Seems like the best choice is to start from a couple of easy heuristics:
* if there is only one loaded class to implement the interface, choose it
* if there are more, choose the one with it's method invoked earlier
(compiled
  by some JIT, possibly, some other JIT),
* if we have many candidate methods that are compiled, choose the most
frequent
  one (need a method-entry profile, the feature is likely to stay
untouched for
  a while, I guess)


1. Does anybody have some additional elegant ideas?

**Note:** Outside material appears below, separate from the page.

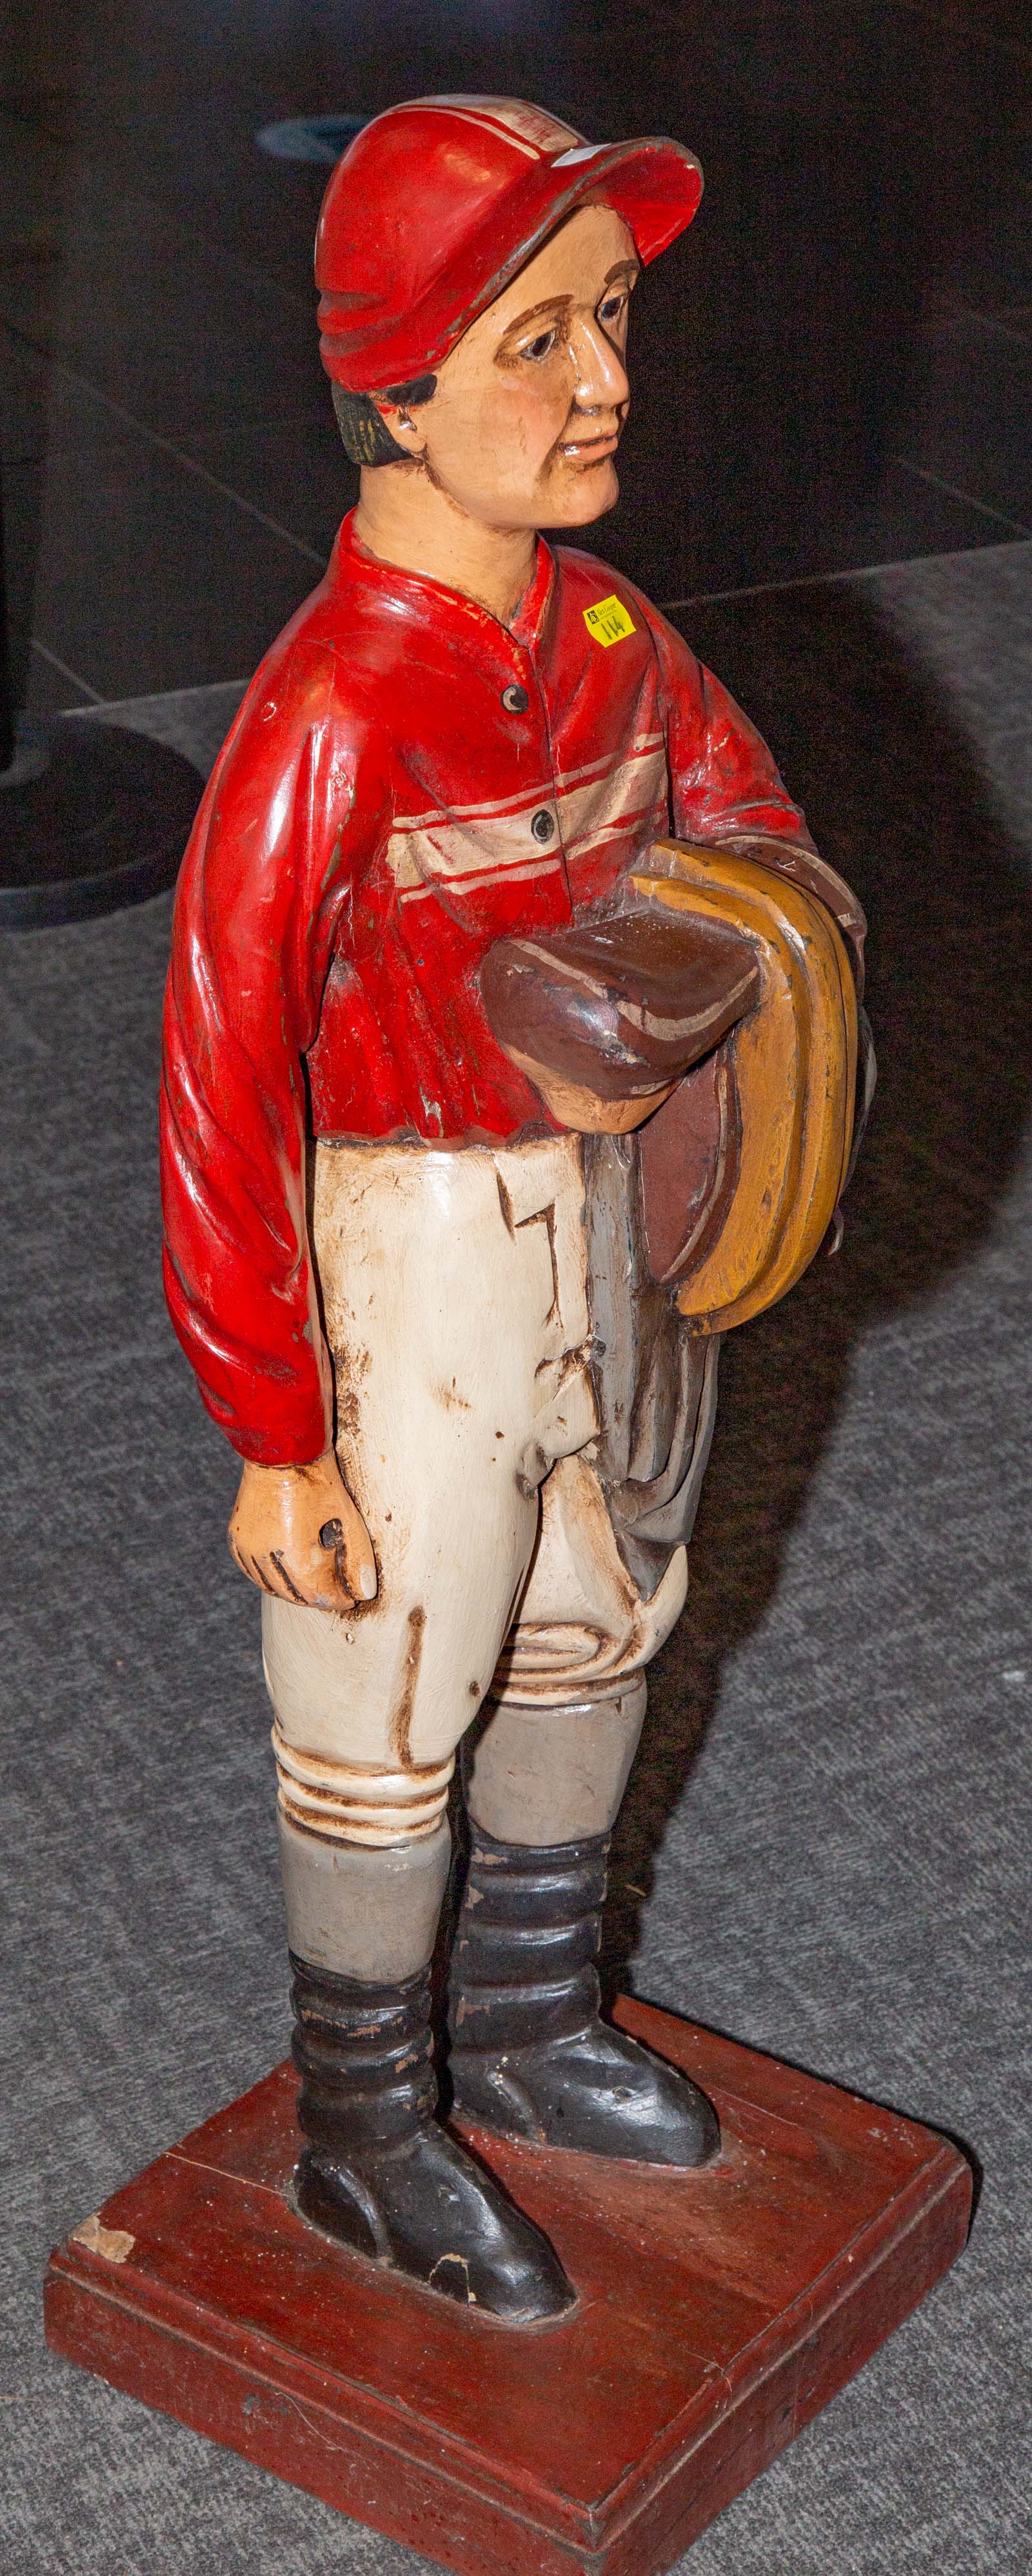 CARVED PAINTED WOODEN JOCKEY 28986f

Egor,  I'm interested in devirtualizer improvement too.
IMO the profile based devirtualization will probably have the best results
and is easy to implement and to check: infrastructure in Jitrino is ready to
do it right now with a help of entry-backedge profile collected for OPT by
JET.

+ more ideas I have:
1) to use edge profiler as value based one if initial compilation
devirtualize all possible dispatches and count their edge frequencies.
2) implement a real value profiler - this is not an easy task, but may be
reused in other optimizations
3) Add special annotations to classlib code about the most probable
dispatch. E.g. if the variable type does not depend on user's environment
and developer can prove that 90% of time the variable is of specific class -
JIT can read this annotation from method during the compilation and to
devirtualize it.

I will read more about other devirtualization techniques we can use and will
reply in a several days with results.